Pandas have a reputation for being silent, but they do make a sound. It’s a goat-like bleat and 10-year-old Ally Godfrey and her mother are hoping to hear it.
It’s 10 a.m. on a sunny weekday and they are among the excited onlookers crowding around the giant pandas’ enclosure, straining to get a peek at the Toronto Zoo’s new arrivals.
Two of the city’s biggest stars, giant pandas Da Mao and Er Shun, are quiet today, but for Ally and her mom, Jackie Callis, even watching them sleep is exciting.
“He just yawned! Look at his face. He’s so cute,” Ms. Callis says, pointing at the male, Da Mao, who is dozing on a rock.
Da Mao, 4, and Er Shun, a five-year-old female, arrived via a special FedEx flight in March. They will stay in Canada for 10 years before returning to China, spending the second half of their visit at the Calgary Zoo.
The Toronto exhibit opened to the public May 18, and on busy days more than 20,000 visitors have crowded in to see these endangered animals up close.
The Toronto Zoo anticipates 900,000 people will take in the exhibit over the next five years. There are also hopes the endangered creatures will breed before they leave town. Here’s a look at how it’s going so far:
Both bears are settling in well, the zoo says, but Da Mao is clearly more comfortable with his celebrity status.

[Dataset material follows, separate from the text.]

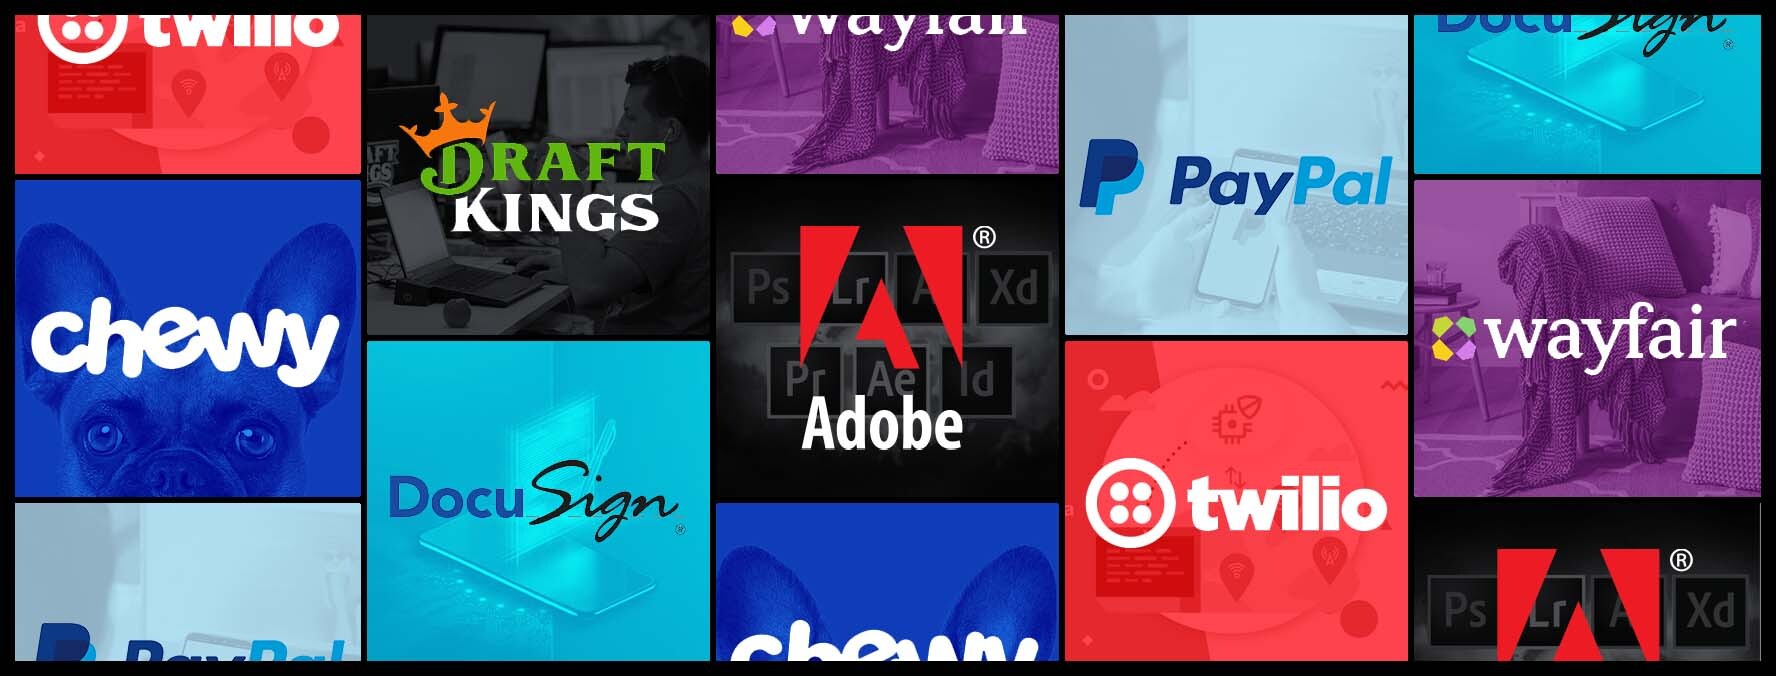 Collage of Logos of the companies: (Left to Right) Chewy, Draft Kings, Docu Sign, Adobe, Twilio, PayPal and Wayfair

He’s breaking the shy-panda stereotype.
“I get the biggest treat out of the way Da Mao struts out like he could be Mick Jagger,” says Dr. William Rapley, the zoo’s executive director of conservation, education and wildlife. “I call him the rock star. He likes people.”
Da Mao likes to lie on his back and eat bamboo while staring out at the crowd.
“It could be packed and he still sits there and he looks at the people. It’s almost as if he’s saying, ‘I can’t believe all these people are here to watch me eat bamboo,’” Dr. Rapley says.
Er Shun prefers to stay closer to home, for now at least. She’s “a bit more shy,” Dr. Rapley says. “She’s not quite as used to the big crowds, so we’re working with her.”
The zoo is training her to move in and out of displays and stay still for examinations by rewarding good behaviour with treats such as apples.
But if she gets homesick, a friendly face is nearby. Two experts have accompanied the pandas from China to ensure the transition is smooth.
Mingxi Li is an animal nutritionist from Da Mao’s former home, the Chengdu Research Base of Giant Panda Breeding. Wei Guo was curator of the panda house at Chongqing Zoo, where Er Shun lived. They are working with staff and will stay six months, living in a house at the zoo.
At the San Diego Zoo, one of only five other facilities in North America with giant pandas, visitors are encouraged to maintain panda etiquette by not making any sudden noises.
“Sudden changes in noise level tend to cause stress in most mammals, and we work to reduce this stress by keeping a constant quiet level of noise around them,” said Christina Simmons, a public relations representative with the San Diego Zoo, in an e-mail. They do this by keeping educators at the exhibit.
The Toronto Zoo, too, has staff on hand at the exhibit dedicated to educating visitors about the pandas and monitoring their behaviour around them.
The two pandas won’t associate much until they are ready for breeding, which the zoo will start trying when Da Mao is between 7 and 8. He’ll turn 5 in September.
Breeding is important because the giant panda is an endangered species. But in captivity pandas have been known to be uninterested in mating. The zoo will try natural breeding first, and then discuss artificial insemination.
Some zoos in China have encouraged pandas to mate by showing them videos of other pandas breeding.
So-called “panda porn” has reportedly been successful, but Dr. Rapley says there are, “so far, no plans to use any movies.”
For now, Canada’s most famous Chinese visitors are settling in to their new routine, which includes a lot of eating and sleeping.
Bamboo, which makes up more than 90 per cent of the panda’s diet, will be shipped in from a panda-specific plantation in Tennessee, near the Memphis Zoo.
“A lot of their time is spent eating bamboo. They’ll eat like crazy and then have a nap,” Dr. Rapley says. “It’s a perfect life.”